Same state, same gun laws, same climate. What’s Marin’s amazing strategy? It’s called “a low youth poverty rate.” Across California, 83% of teenage gun homicides occur in populations with youth poverty rates topping 20%; fewer than 2% occur in demographics with youth poverty rates below 10%.
Don’t force millions of young people to endure crushing poverty. That’s “what works.” It’s the only proven, enduring strategy in city after city, nation after nation, year after year. Yet… no presidential praise, no breathless press splashes, tout Marin’s spectacular success.
Why not? Because many in political and juvenile justice leadership profit from popular myths that quick fixes, programmatic remedies, private schemes, and media-pleasing homilies from bunting-draped podiums will keep funding flowing to interest groups while unpopular, root-cause issues like economic justice for young people remain neglected.
By “interests,” I don’t mean vital, ongoing services such as drug/alcohol and mental health treatment, transitional services, drop-in centers, domestic violence programs, and genuine services targeting individuals and families in difficulty. I mean those initiatives that trumpet themselves as THE programmatic solution to young people’s problems – the ones that come and go.
Popular, piecemeal initiatives like the 1960’s Bedford-Stuyvesant project, President Clinton’s 1990s “personal responsibility” crusade, and now President Obama’s My Brother’s Keeper, rarely endure. The short-lived “Boston miracle” of reduced gun homicides (but only among youths 16 and younger over a selected time period) paralleled similar claims in Stockton, Minneapolis, Chicago (every other year), and other cities.

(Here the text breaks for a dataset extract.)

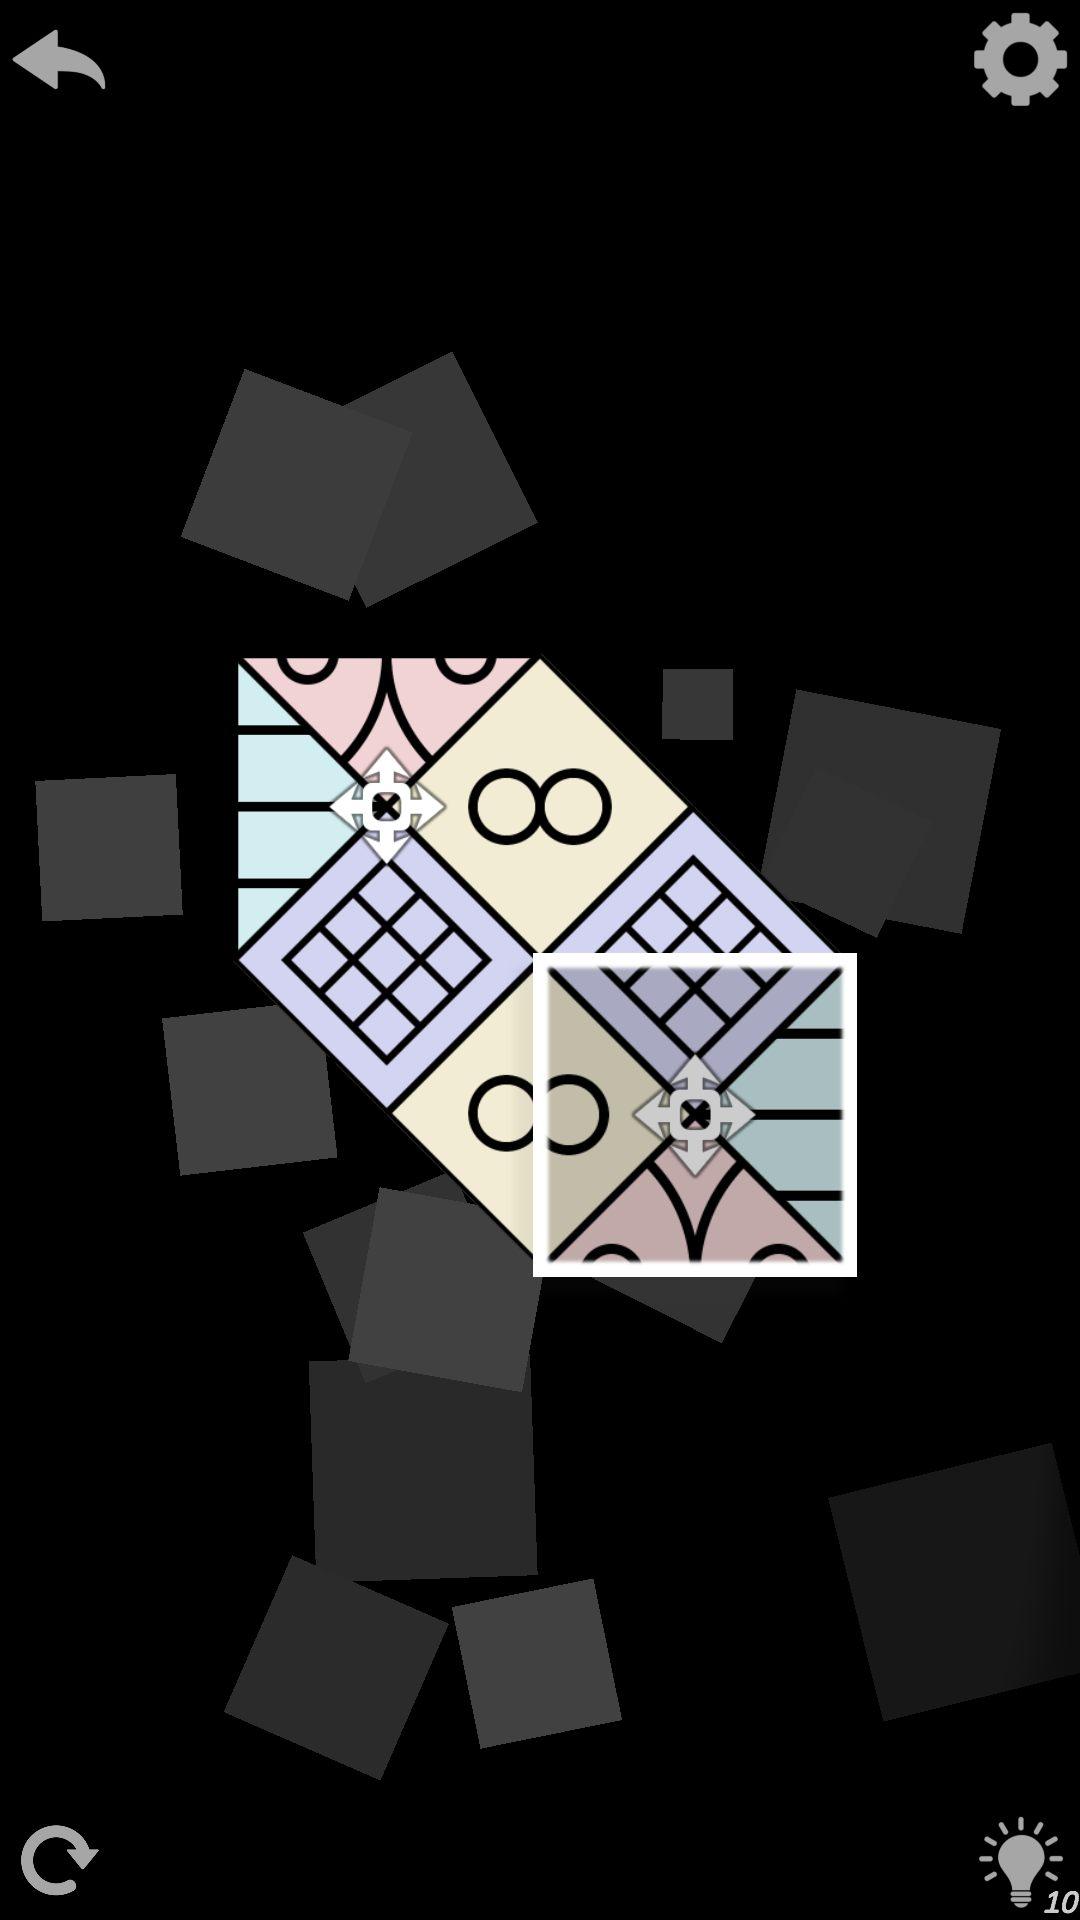 2 уровень AuroraBound - игра с узорами

These “miracles” really consist of authorities claiming credit for some random decline in violence or crime, followed by accolades from politicians and the press herd. None could demonstrate from objective study that their approach was responsible for improvements, or would be deemed successful if other time periods or measures were included — or in comparison to other cities that had no coherent strategy at all.
For examples, how did Oklahoma City reduce teenage murders by 85% from 1997 to 2002? No one even knew it happened. What was Los Angeles’s secret in cutting teenage gun homicides from 419 in 1994 to 160 in 1999? The scandal-plagued police department was in complete disarray. What miracle did San Francisco innovate to bring down teenage and young-adult gun murders from 41 in 1993 to just 9 in 1997? Unlike Boston, San Francisco had no cabal poised to grab credit (CJCJ might as well step up).

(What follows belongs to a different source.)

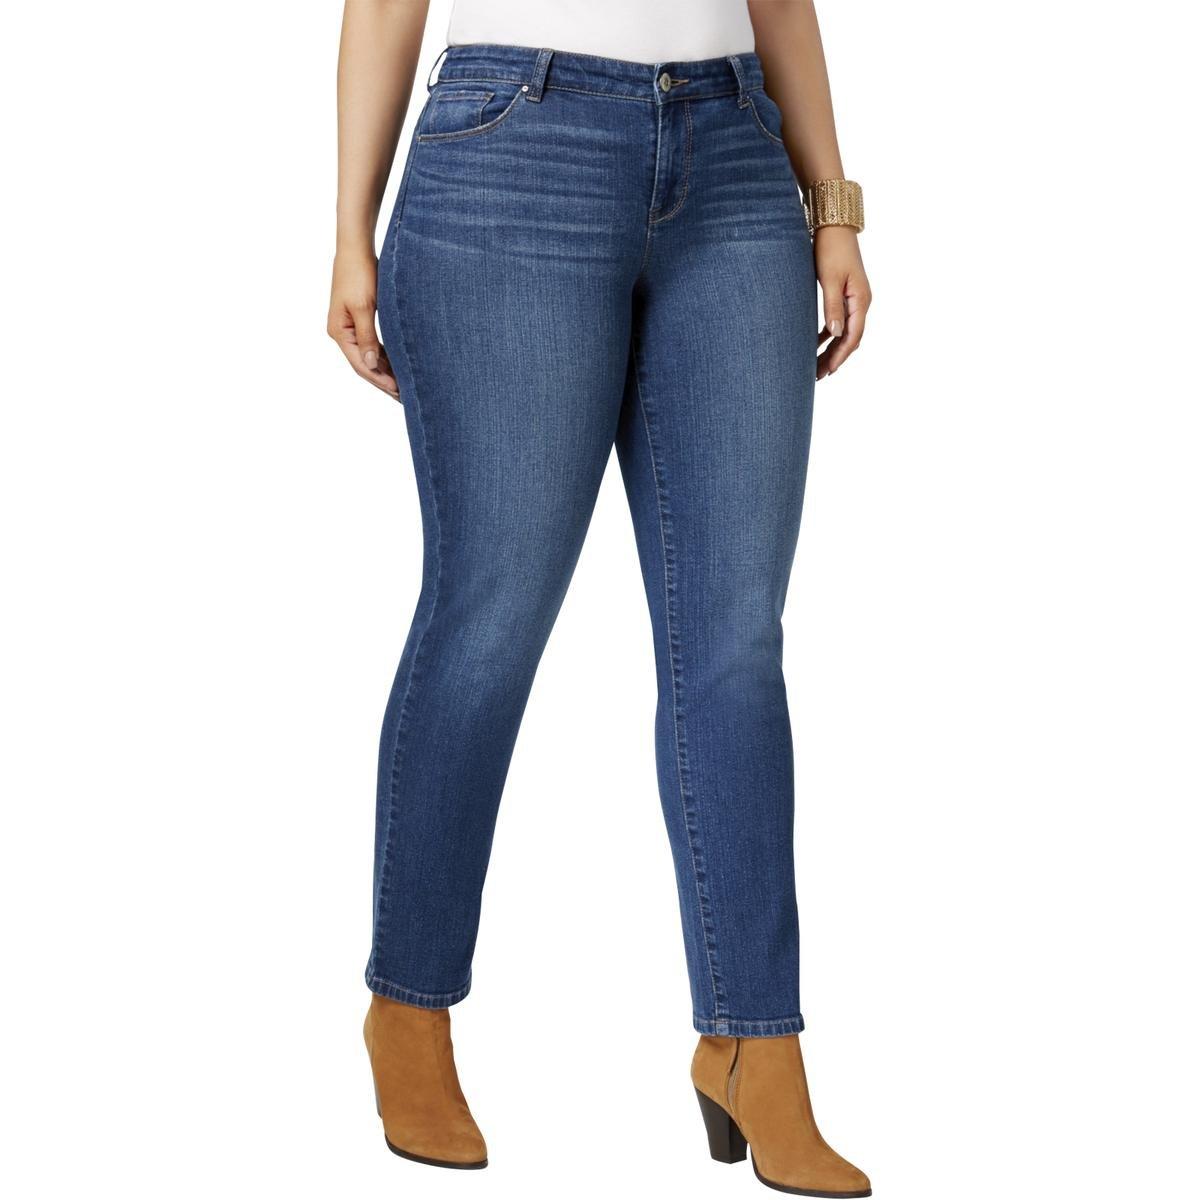 Style & Co. Womens Plus Mid-Rise Whisker Wash Slim Leg Jeans Blue 18W

Recently, the Juvenile Justice Information Exchange (JJIE) exemplified the narrow, biased, self-defeating attitude that troubles me. I’d submitted a column proposing a federal initiative on the scale of Social Security to reduce youth and family poverty (as every other affluent nation does) and more respectful treatment of young people.
I anticipated an “exchange” (as JJIE’s name suggests) on my ideas. Instead, to my surprise, JJIE rejected the column out of hand — no negotiation, no normal editorial suggestions for changes — just a flat rejection. It wasn’t the rejection itself (I then submitted a version of the column to Reuters, which published it), but the reasons that disturbed me.
First, JJIE said, my comparison of the hundreds of billions of Social Security dollars the federal government spends annually to prevent poverty among the old with spending just one-twentieth as much on assistance for the impoverished young would be unfair, since the old paid into Social Security all their lives. Second, JJIE stated that the demeaning comments toward young people, such as Michelle Obama’s labeling of young people as “knuckleheads” (and, presumably, JJIE’s column branding adolescence as “the age of stupidity”) were just “playful.”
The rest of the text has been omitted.